» Instructions to follow:
Write out exactly the lines below starting at the one containing "Festose folle in" and ending at the one containing "Bezug in sofa". Omit every picture.

═══ Data supplied

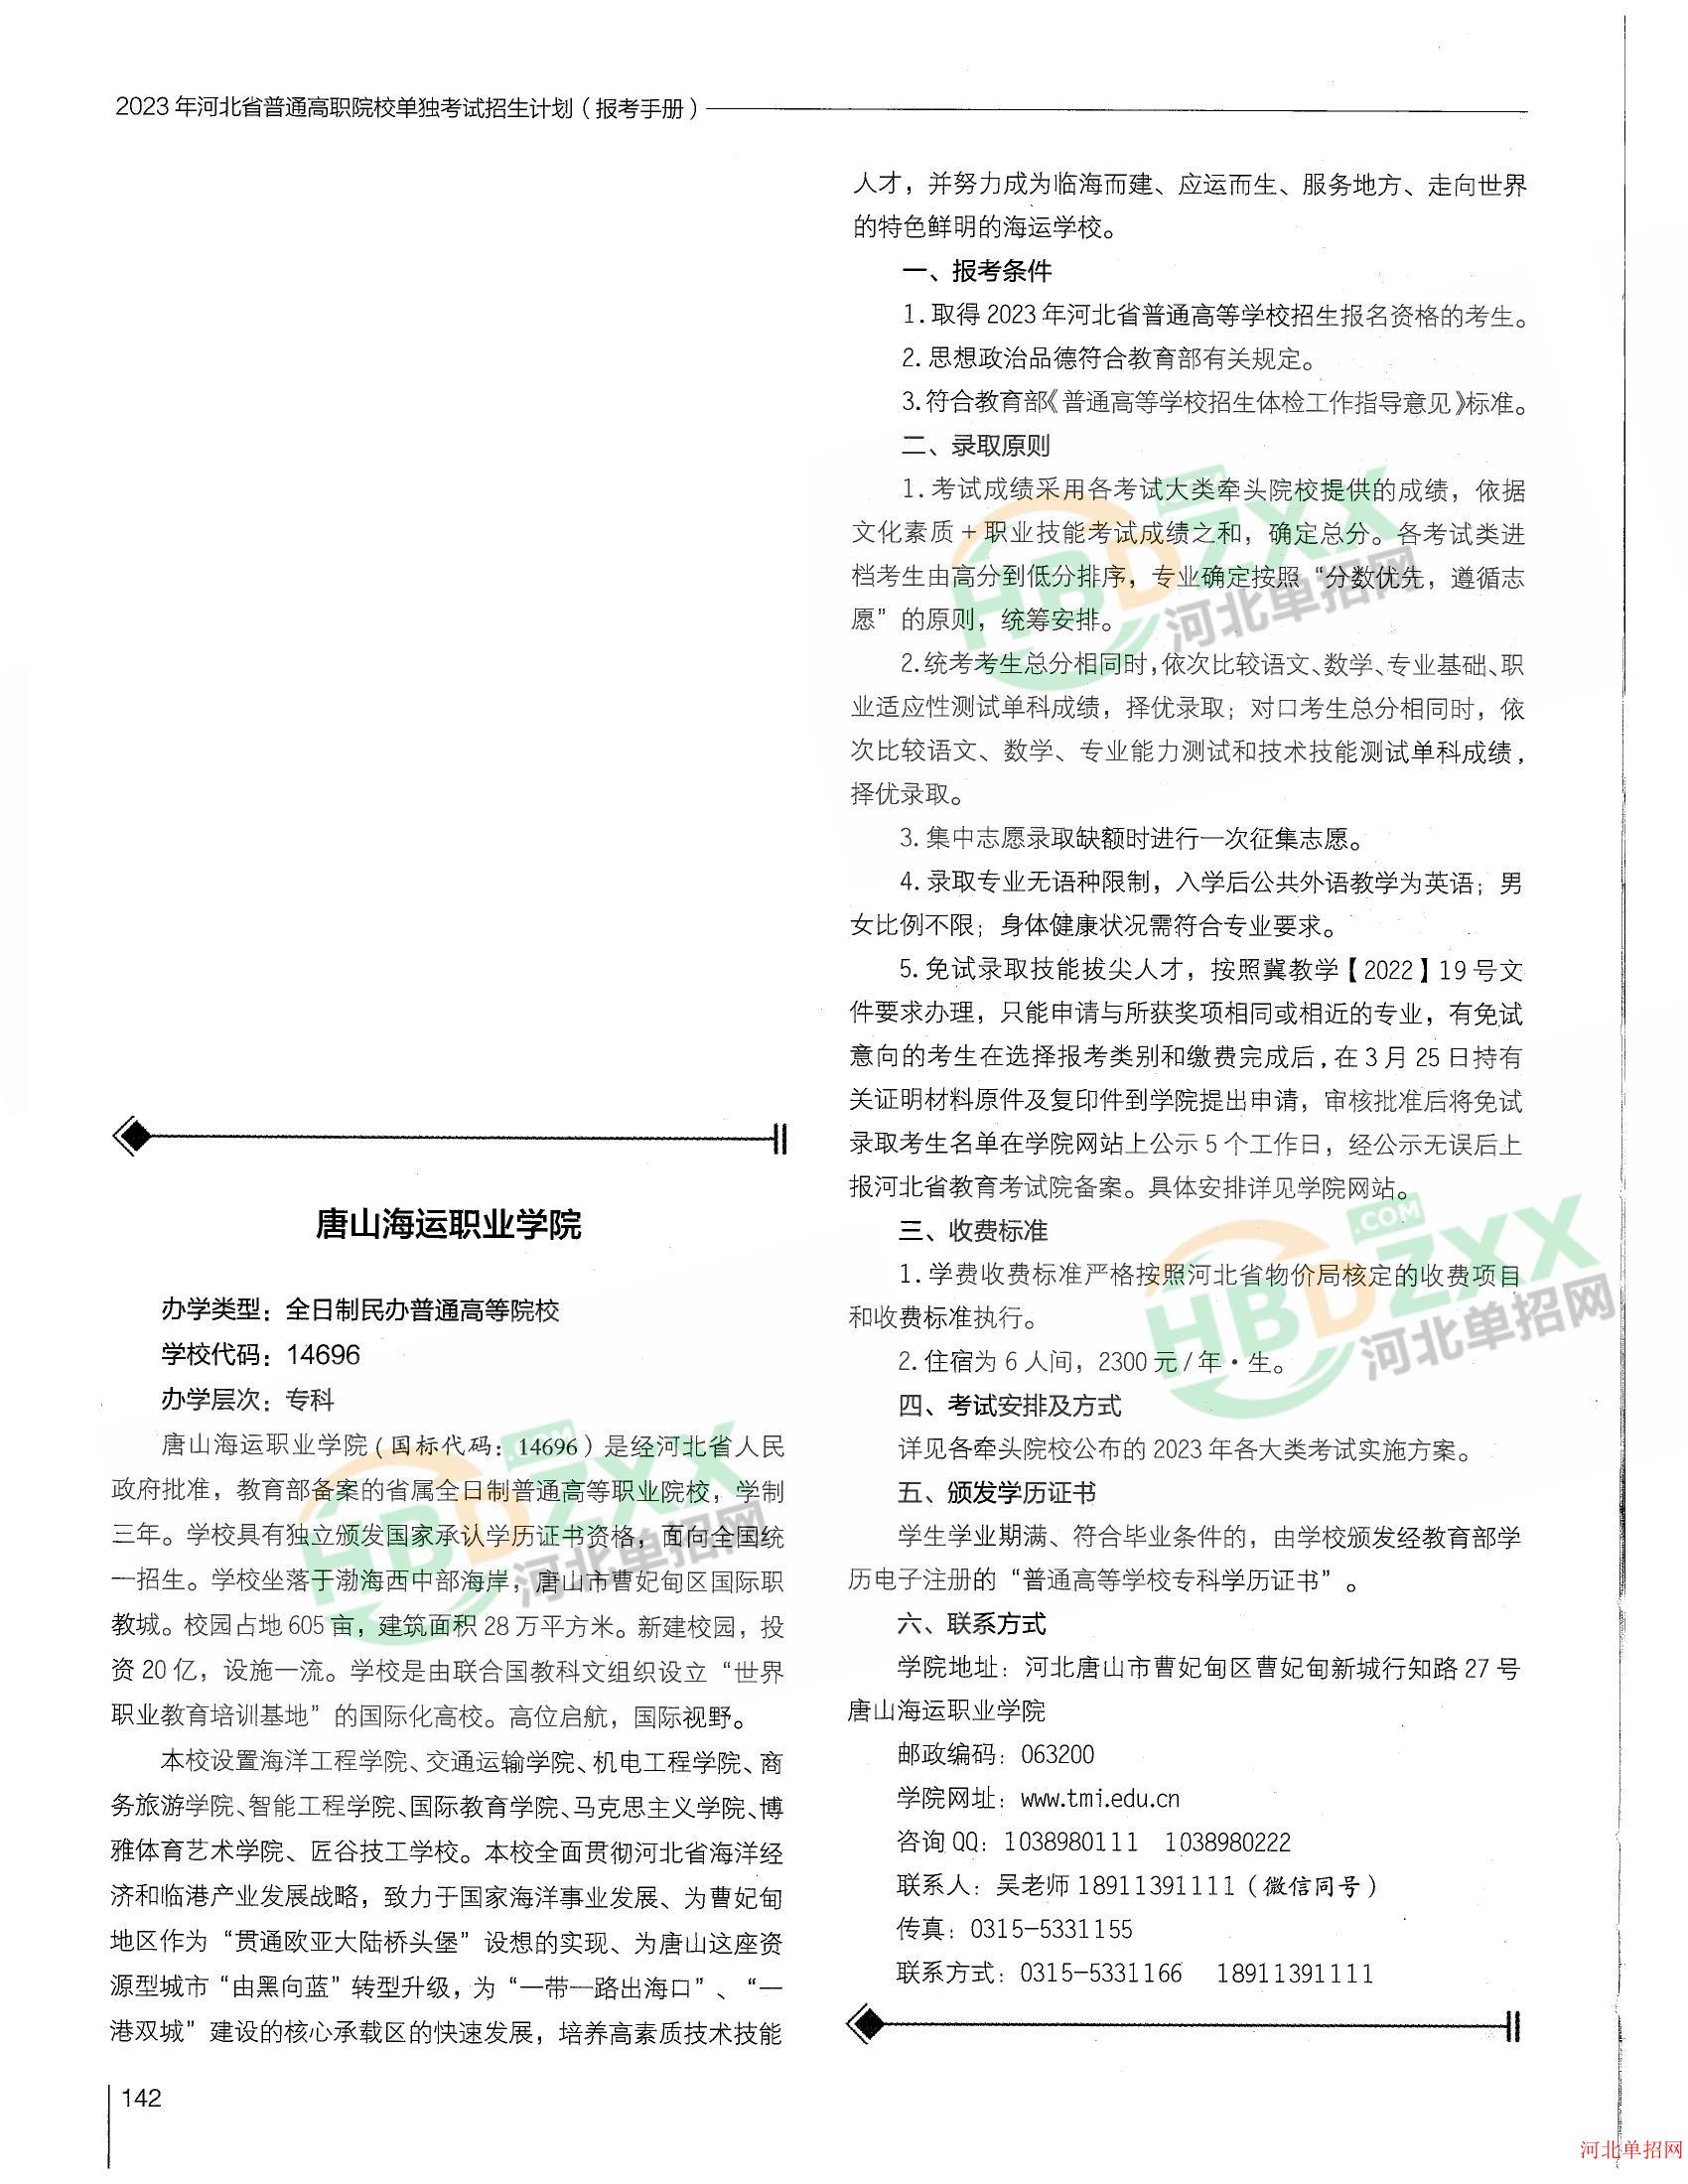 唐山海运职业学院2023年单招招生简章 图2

══════
═══ Data supplied

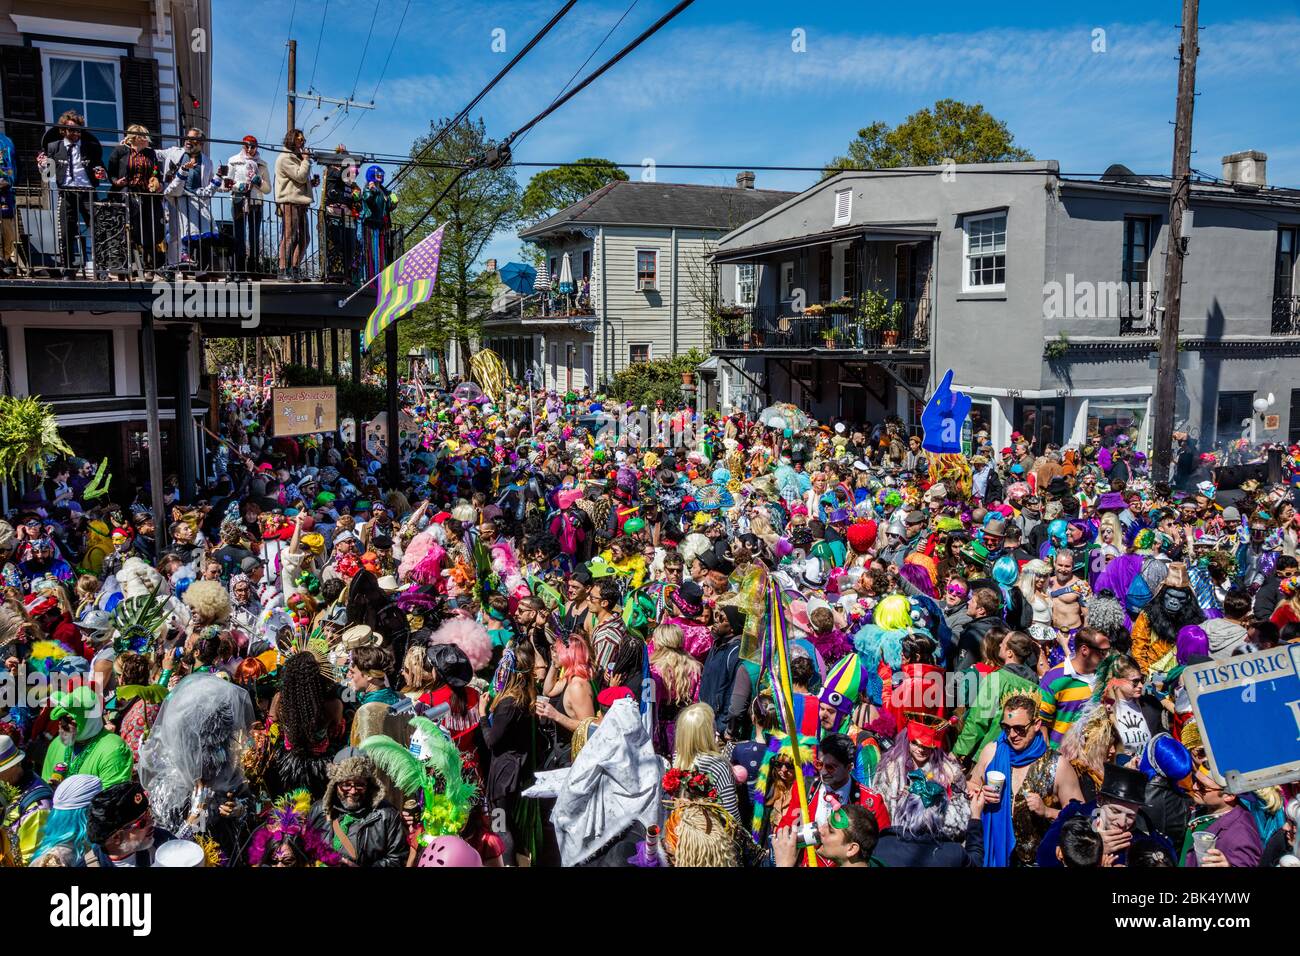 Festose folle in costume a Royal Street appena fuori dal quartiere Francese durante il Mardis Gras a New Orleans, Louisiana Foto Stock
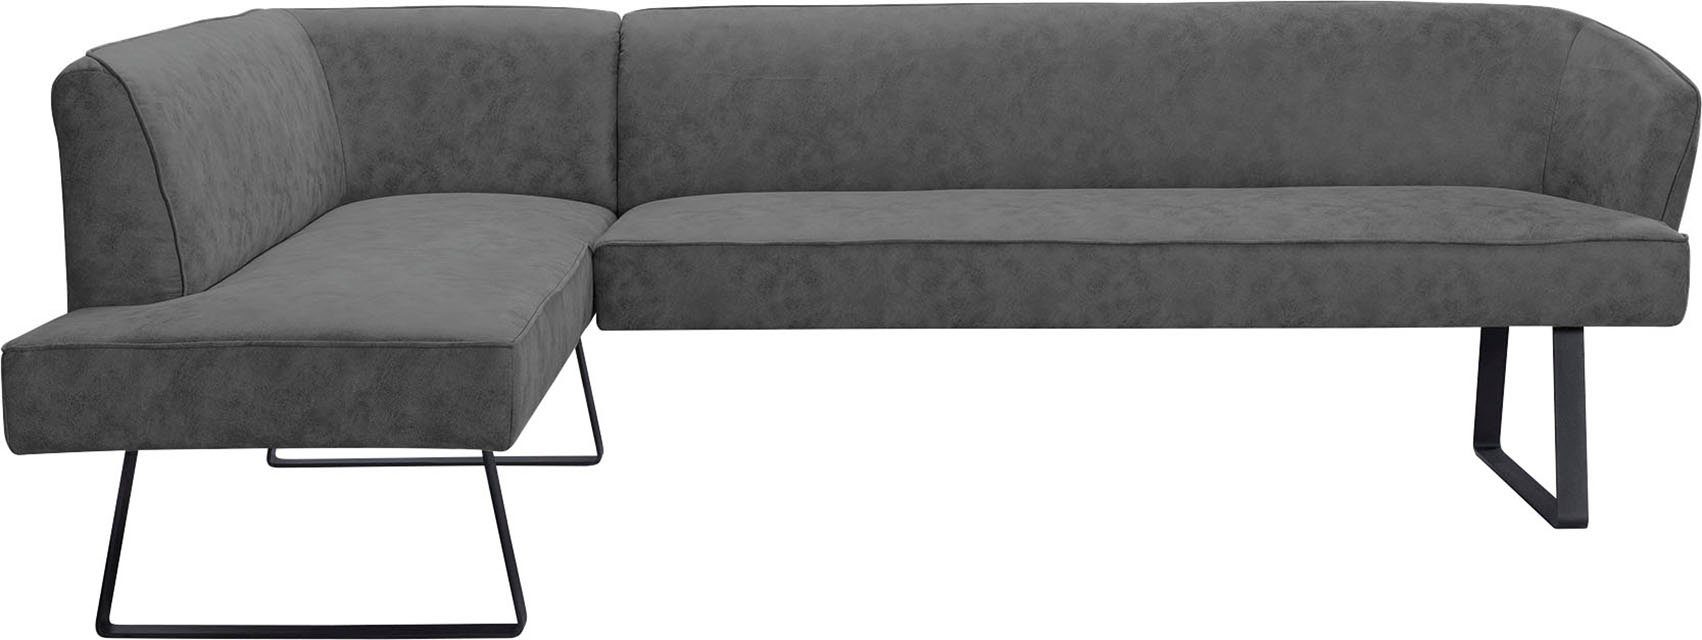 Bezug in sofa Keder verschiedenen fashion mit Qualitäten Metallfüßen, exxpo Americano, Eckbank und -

══════

» Response to the exercise:
 Festose folle in costume a Royal Street appena fuori dal quartiere Francese durante il Mardis Gras a New Orleans, Louisiana Foto Stock
 Bezug in sofa Keder verschiedenen fashion mit Qualitäten Metallfüßen, exxpo Americano, Eckbank und -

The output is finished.